New York

James White and Tim Sheward

Just do it. That’s what Nike says. James White and Tim Sheward—former assistants to another British art duo, Gilbert & George—heard, and were moved to create a sweet little homage to that ongoing Brit obsession, the trainer (known stateside as athletic shoes). Dubbed “Plastic Picnic,” the piece consists of twelve lifesize polyurethane foam bendy figures, anthropomorphic versions of Gumby, on a platform about the same size and shape as a boxing ring; in keeping with the cheapo childhood-toy theme, the figures tend to be kind of ragged around the edges, as if the molds didn’t quite match up. Decked out in the latest leisure wear, which is painted directly onto their posable bodies, they writhe around on crash mats, their squishy torsos and feet emblazoned with logos from Nike, Reebok, and Adidas (this last is kind of a retro look, Adidas being Old School gear); the overall effect is not unlike a frozen moment from an exceptionally large game of Twister. The action figures are gendered, of course, with females distinguished from males by the addition of two half-sphere-shaped breasts. Otherwise, everybody at the picnic looks pretty much the same, differentiated from one another primarily by brand loyalty.

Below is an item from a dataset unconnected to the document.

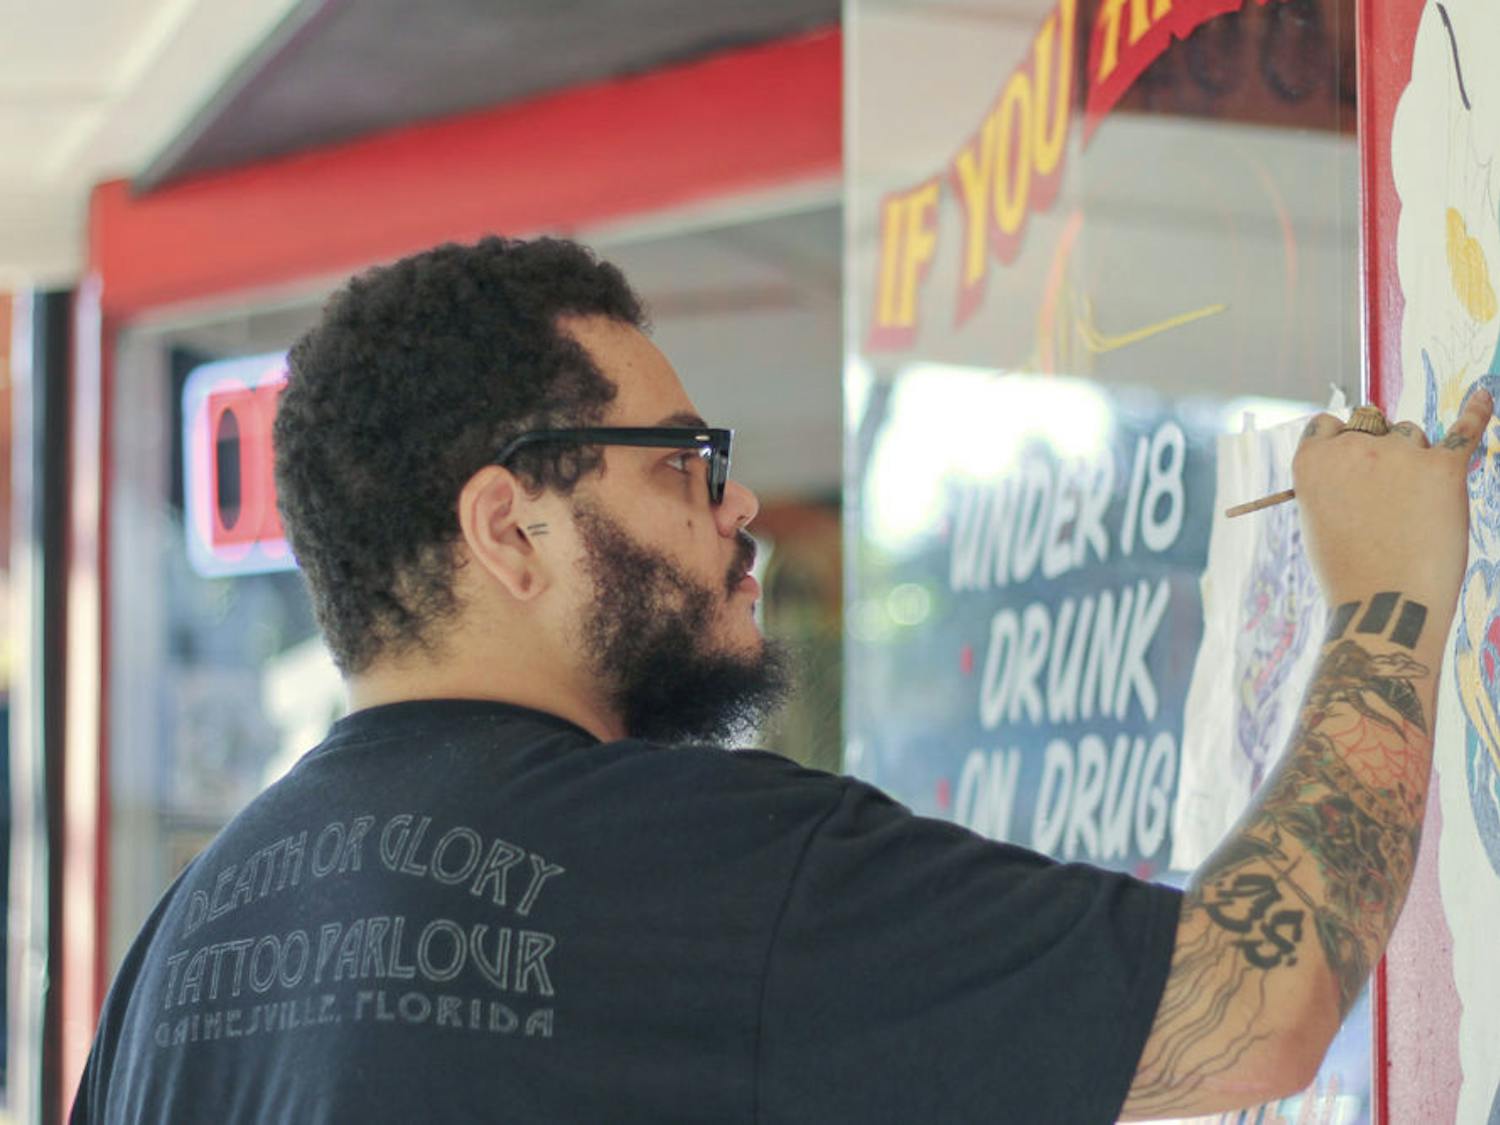 Jesus Lopez, 26, a tattoo artist at Death or Glory Tattoo Parlour, paints a dragon on the face of the shop. The dragon is an old Sailor Jerry design the shop chose to spruce up the building.
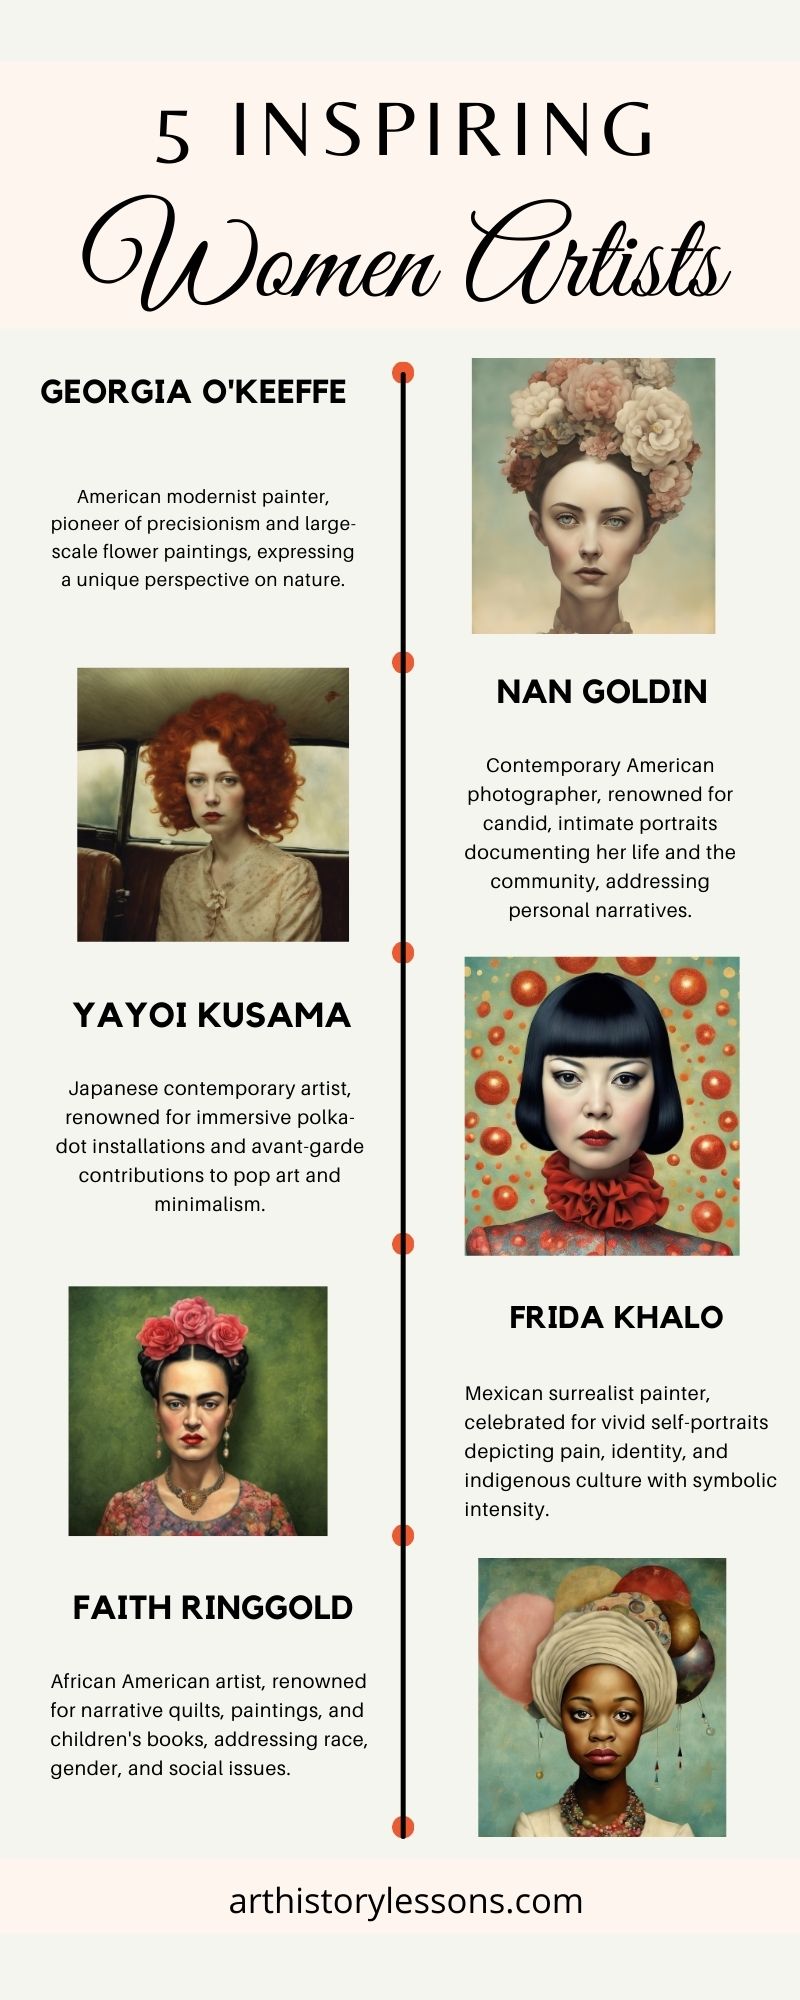 List of inspiring famous women artists everyone should know.

This work is either social commentary or not, depending. On the one hand, it could be a meditation on the sadistic implications of Just Do It, and similarly didactic, ’80s-style athletic-ad campaigns (in the nicer ’90s, the ads have mostly moved away from the “no pain, no gain” paradigm). After all, few things incorporate the drive toward sameness the way workout culture does: if you do it enough, you’ll look just like one of four or five physical types. And certainly, few things combine pain, boredom, and sexuality in the way a workout does. On the other hand, it seems equally likely that Plastic Picnic, 1997, is a bit more lightweight than that, constituting a kind of sweetly bent nostalgia-trip back to the days when your sexuality expressed itself pretty much exclusively via Twister, and whatever it was you thought your toys got up to when you weren’t around. Sameness and interchangeability, if you will recall, were pretty important then, too—vitally important to have the same body, toys, clothes (Levi’s vs. Wrangler, Nike vs. Adidas, and on and on) as everybody else. In that sense, Plastic Picnic represents a kind of dream come true: a) it’s made up of the biggest bendy figures on the block, the kind you always wanted to have; and b) everyone in it has achieved the kind of basic sameness and faithfulness to type the rest of us could only dream about. The back-to-school theory is given a hit more weight by the inclusion of a series of obsessively detailed cutaway drawings of cars; called “In God We Rust,” they’re dead ringers for the sketches every boy worth his salt did when he was supposed to be paying attention in class. A photograph from 1995 called “Getaway Girl” enshrines the other obsession of young males—it’s a picture of a bikini-clad babe perched on a mound of similar babe photos. She, like the other pinup cuties, has an excellent late-’60s hairdo.

It’s kind of charming to see someone reduce the whole ugly mishmash of childhood anxiety into something that really looks like child’s play. You’re not any less screwed at the Plastic Picnic than you are elsewhere—everybody there is still at the mercy of the Just Do It edict, wearing the clothes, striking the poses, going through the motions. But they’re action figures—springy, resilient, yielding, yet firm; they’ve already achieved the sublime body you could only dream about. And without doing a single sit-up!